Rudedog, I'd try the NT model for $199 first. It's capacity is 1500 lbs, so it should easily handle a couple hundred lbs from a few rounds. I'm curious as to why you prefer this over a wagon.

Don <><


----------



## Bushmans (Jan 19, 2012)

I know it sounds weird but have you tried a sled with no snow? I have a Jet sled designed for ice fishing. It is about 10 inches deep and mad of very tough plastic. I reinforced the pull cord with large washers so it won't pull through the holes. Leaves are pretty slippery and anyone walking the side of a hill in the late fall can attest to this. Use them as your snow.
I can load up about 7 or 8 ten inch rounds on the sled and pull them quite easily through the woods without snow. Bonus feature is it flattens all the briars and brambles and before you know it you have a nice clean path. We have snow now so it is even easier and I can load more but I'm telling you it works well. The sled was given to me so I don't know what it cost but I would guess iin the $50 range.
I am also in the process of building a set of wood tongs. I finished the prototype at work today and will be trying it tomorrow. I'll post pics when I do. (If it works) with the tongs you can carry one in each hand. Some places require different methods of course. I like to be prepared.
Just found it cheaper than I thought.
http://www.####ssportinggoods.com/product/index.jsp?productId=11929391&010=SKU-10940318&cid=CSE:&cid=CSE:GooglePLAs&003=4239056


----------



## gtsawyer (Jan 19, 2012)

Bushmans said:


> I know it sounds weird but have you tried a sled with no snow? I have a Jet sled designed for ice fishing. It is about 10 inches deep and mad of very tough plastic. I reinforced the pull cord with large washers so it won't pull through the holes. Leaves are pretty slippery and anyone walking the side of a hill in the late fall can attest to this. Use them as your snow.
> I can load up about 7 or 8 ten inch rounds on the sled and pull them quite easily through the woods without snow. Bonus feature is it flattens all the briars and brambles and before you know it you have a nice clean path. We have snow now so it is even easier and I can load more but I'm telling you it works well. The sled was given to me so I don't know what it cost but I would guess iin the $50 range.
> I am also in the process of building a set of wood tongs. I finished the prototype at work today and will be trying it tomorrow. I'll post pics when I do. (If it works) with the tongs you can carry one in each hand. Some places require different methods of course. I like to be prepared.
> Just found it cheaper than I thought.
> http://www.####ssportinggoods.com/product/index.jsp?productId=11929391&010=SKU-10940318&cid=CSE:&cid=CSE:GooglePLAs&003=4239056



http://www.d<null>ickssportinggoods.com/product/index.jsp?productId=11929391

Why you visiting web sites with nasty words in their name?


----------



## Bushmans (Jan 19, 2012)

gtsawyer said:


> http://www.d<null>ickssportinggoods.com/product/index.jsp?productId=11929391
> 
> Why you visiting web sites with nasty words in their name?

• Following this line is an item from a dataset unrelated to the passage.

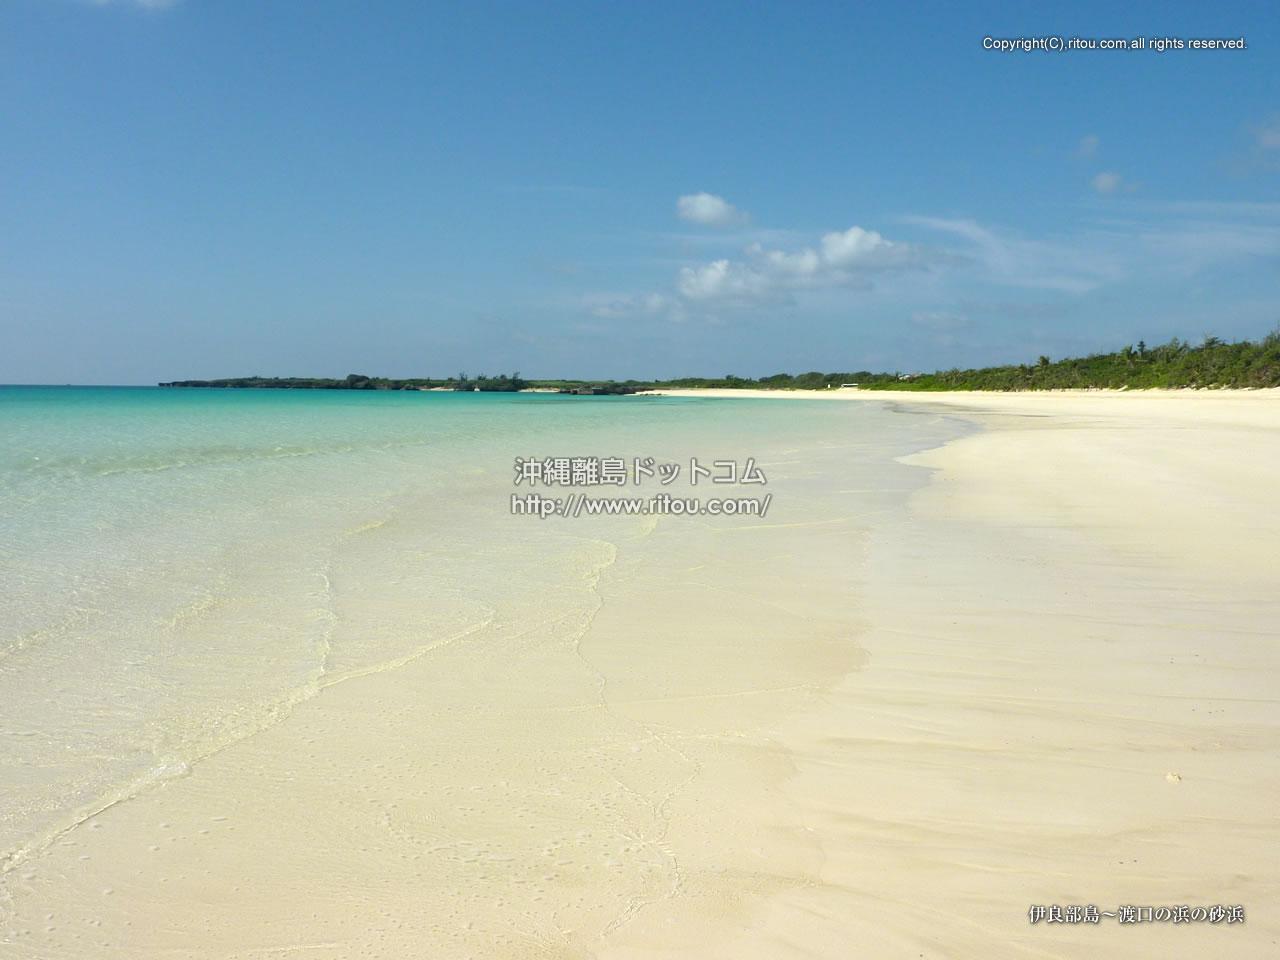 伊良部島〜渡口の浜の砂浜

Didn't even think about that and I just finished reading the reminder post. LOL
Oh well! :eek2:


----------



## Guido Salvage (Jan 19, 2012)

Bushmans said:


> I am also in the process of building a set of wood tongs. I finished the prototype at work today and will be trying it tomorrow. I'll post pics when I do. (If it works) with the tongs you can carry one in each hand. Some places require different methods of course. I like to be prepared.



You speaking of tongs made me think of a brick carrier. I suspect one could be adapted for logs, but you would need to be pretty stout to carry a round in each hand.

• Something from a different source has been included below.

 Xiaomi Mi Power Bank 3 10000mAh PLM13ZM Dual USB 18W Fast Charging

This brick carrying wheelbarrow is similar to what I constructed for logs, but is made out of metal.


----------



## slowp (Jan 19, 2012)

The most interesting firewood mover I ever saw, was a Shetland Pony. He pulled about 4 foot lengths to the road. They had people hooking up the wood, slapping him on the butt, and he would pull to the road, get unhooked, and he'd go back. His people said he earned his keep yarding firewood. 

About using something motorized off road in the National Forest?? I'd sure check before buying anything. 

Some of the BUOLs (Busted Up Old Loggers) around here use some of their smaller blocks, and haywire. Haywire is small diameter wire rope. It can get complicated, but those guys know how to rig it.


----------



## dts99 (Jan 19, 2012)

ponyexpress976 said:


> I got this one from tractor supply.
> 
> Hand Truck, 1000 lb. Capacity - 3893949 | Tractor Supply Company
> 
> I use it all the time and it has never let me down. Has a wide stance and when the tires are inflated to near rock solid it rolls over rough terrain easily. If you get anywhere near its rated weight capacity, its a feat to tip it back onto the wheels but it can and will hold that much...only question is can you move 1000lbs?



i also have this hand truck, best $100 i spent that week, you can move anything, 3 16inch rounds would balance it out perfectly all you have to do is pull


----------



## genesis5521 (Jan 19, 2012)

Bushmans said:


> I know it sounds weird but have you tried a sled with no snow? I have a Jet sled designed for ice fishing. It is about 10 inches deep and mad of very tough plastic. I reinforced the pull cord with large washers so it won't pull through the holes. Leaves are pretty slippery and anyone walking the side of a hill in the late fall can attest to this. Use them as your snow.
> I can load up about 7 or 8 ten inch rounds on the sled and pull them quite easily through the woods without snow. Bonus feature is it flattens all the briars and brambles and before you know it you have a nice clean path. We have snow now so it is even easier and I can load more but I'm telling you it works well. The sled was given to me so I don't know what it cost but I would guess iin the $50 range.
> I am also in the process of building a set of wood tongs. I finished the prototype at work today and will be trying it tomorrow. I'll post pics when I do. (If it works) with the tongs you can carry one in each hand. Some places require different methods of course. I like to be prepared.
> Just found it cheaper than I thought.
> http://www.####ssportinggoods.com/product/index.jsp?productId=11929391&010=SKU-10940318&cid=CSE:&cid=CSE:GooglePLAs&003=4239056



Hi Bushman:

I made a post about using a sled in another thread. I was gonna buy a cheapie from Walmart for 8 bucks. But the one from D-i-c-k-'s Sporting Goods for $35 seems like just the ticket.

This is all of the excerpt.